Almost every developer has an opinion about which estimates practices work best for them.  I’m definitely no exception to this – and I often find myself falling into ‘philosophical discussions’ about which approaches are better.  By far the most common arguments I seem to find myself in revolve around comparisons between time based estimates and relative sizing – also known as ‘points vs hours’.
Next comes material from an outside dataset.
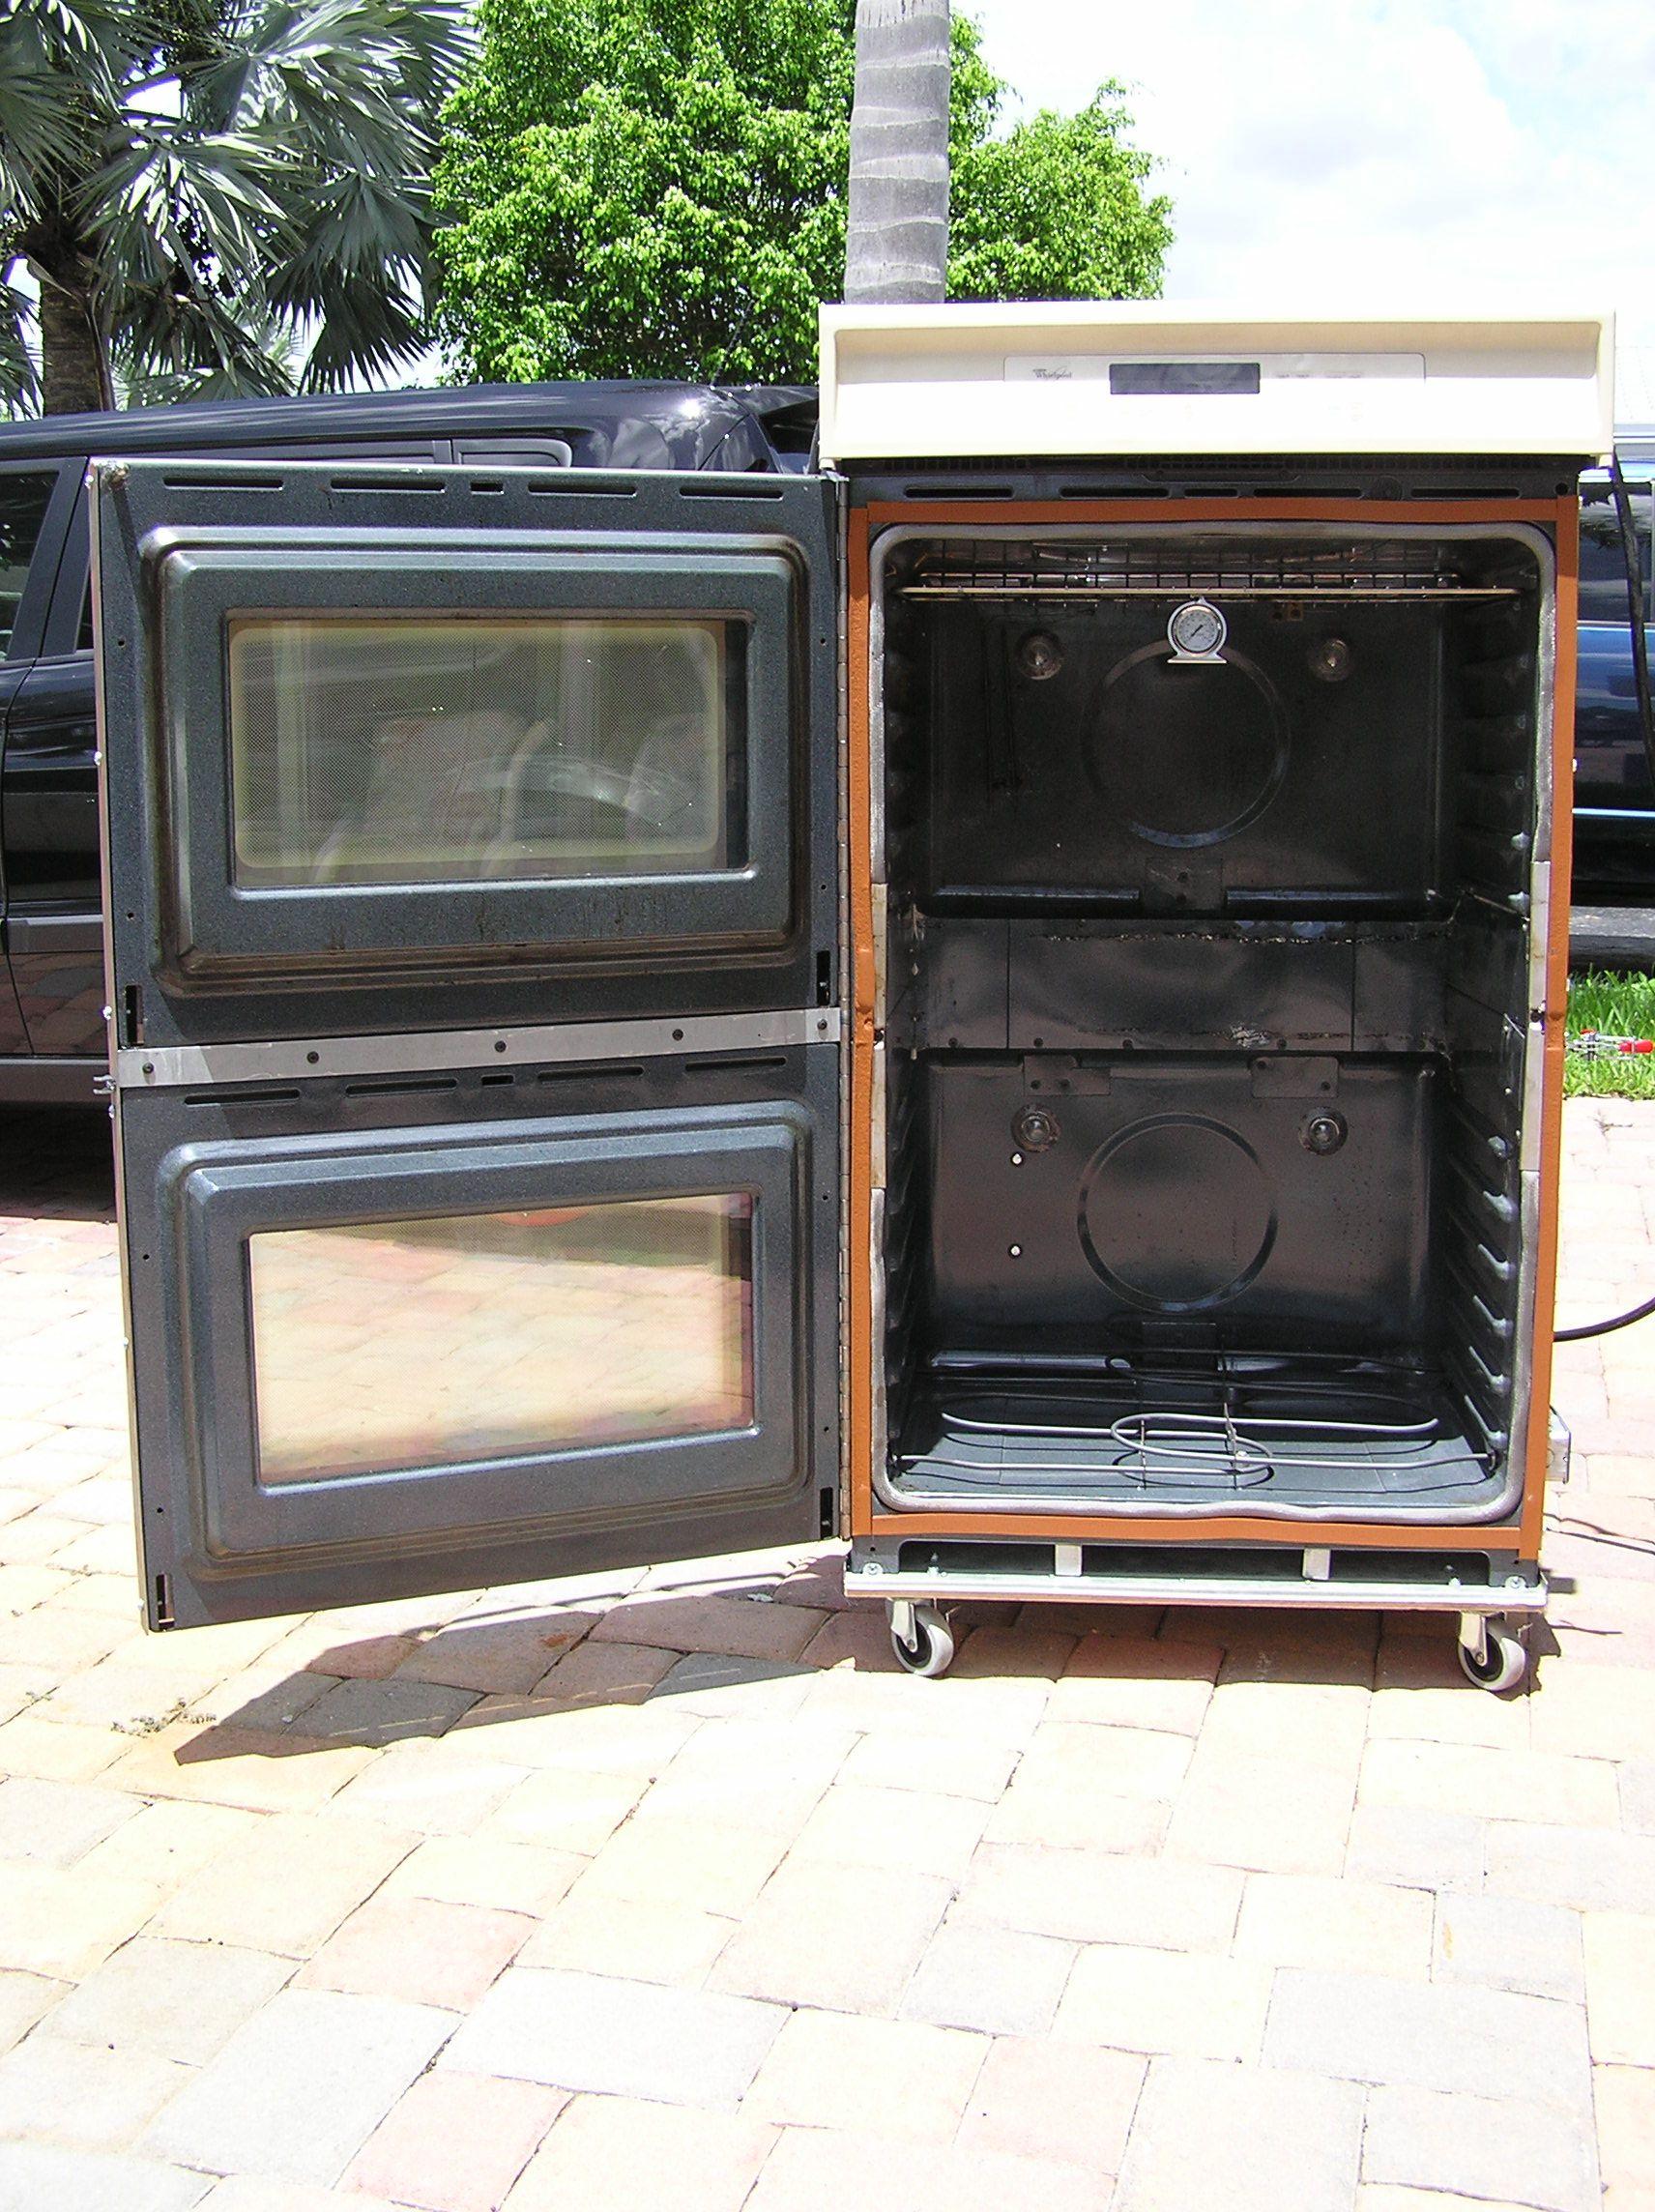 Diy powder coat oven powder coating oven powder coating

Personally, I am very much in favour of estimates created using relative sizing.  As I find myself often repeating my reasons for preferring this method, I’ve listed them here.  I hope someone will find this useful.

 

Relative sizing is more accurate due to better accounting for variables

Any kind of time based estimate is affected by a number of different variables.  Examples of some variables that can impact time estimates are as follows:

- Ability/experience of individual developers
- Development team's understanding of the business domain
- Strength and quality of communication between the development team and the business
- Technical debt
- Motivation
- Stability/clarity of software requirements
- System and domain complexity
- Cooperation level of outside dependencies (i.e. other technical/operations teams involved in the project)
- Specification of the development team's hardware
- Amount of available caffeine

... And above all else:

- Task size

The interesting thing about estimates is that except for task size, most of these other variables have the potential to remain relatively constant over the life of a project.  While variables such as technical debt can increase (given neglect), or decrease (given close attention), it is often quite safe to assume that a complex domain will remain complex, unstable requirements will continue to be unstable, and the coffee supply will never be quite what we need it to be!  Variables that do change will often do so in a predictable way or will otherwise have only a small impact in the grand scheme of an estimate (at least, when compared to Task size).
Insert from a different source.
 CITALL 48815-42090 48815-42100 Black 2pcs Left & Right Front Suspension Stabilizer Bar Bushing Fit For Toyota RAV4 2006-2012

Therefore, to simplify our estimation, we can use the following formula:

Effort = Size * Everything else

Since 'Everything else' is essentially an aggregate of all things impacting the speed of our development, we can safely rephrase our formula as:

Effort = Size * Velocity

By separating size from velocity, it becomes possible to track both figures separately and account for their uncertainty using different methods.  Unlike Size, Velocity has a tendancy to be far more consistent over the life of a project.  This means it is possible to take the recorded Velocity from a previous sprint, and use it to calibrate estimates for future sprints.  This can remove a large amount of judgement and human error from what would otherwise be a very unstable mental calculation.

When attempting to perform estimates directly using hours, it's important to consider that this formula still applies to the estimation process.  It's just hidden away.  When trying to assign an estimate to a task, the developer will simply be making a judgement call based on their experience of working within the environment (or similar environments), then applying this to the size of the task to produce a result.  I'm not saying that this result is necessarily wrong, but it is mentally much more difficult to produce and can be very hard to repeat consistently - especially when different people are responsible for different sets of estimates.

The act of transferring Velocity between sprints should never be completely free from adjustment by judgement.  Often a team will have an accurate collective opinion about when they expect their Velocity to change.  Encouraging a team to be involved in this adjustment will help encourage them to avoid individually considering Velocity when they are estimating Size.
 

Relative sizing allows analysis of overall productivity of the entire team

Because estimation in points allows Velocity to remain separate, it can be used as a reliable performance indicator.  When estimating in hours, teams that run into difficulty with technical debt or unstable requirements partway through a project can often remain blind to statistics indicating that their performance has become impeded, as they are all busy unconsciously recalibrating their hourly estimates with their perceived Velocity change.  While the team is almost certainly aware of the impediment, it can be very difficult to quantify or explain to project stakeholders.  This can be a source of incredible frustration should the impediment be outside the control of the team.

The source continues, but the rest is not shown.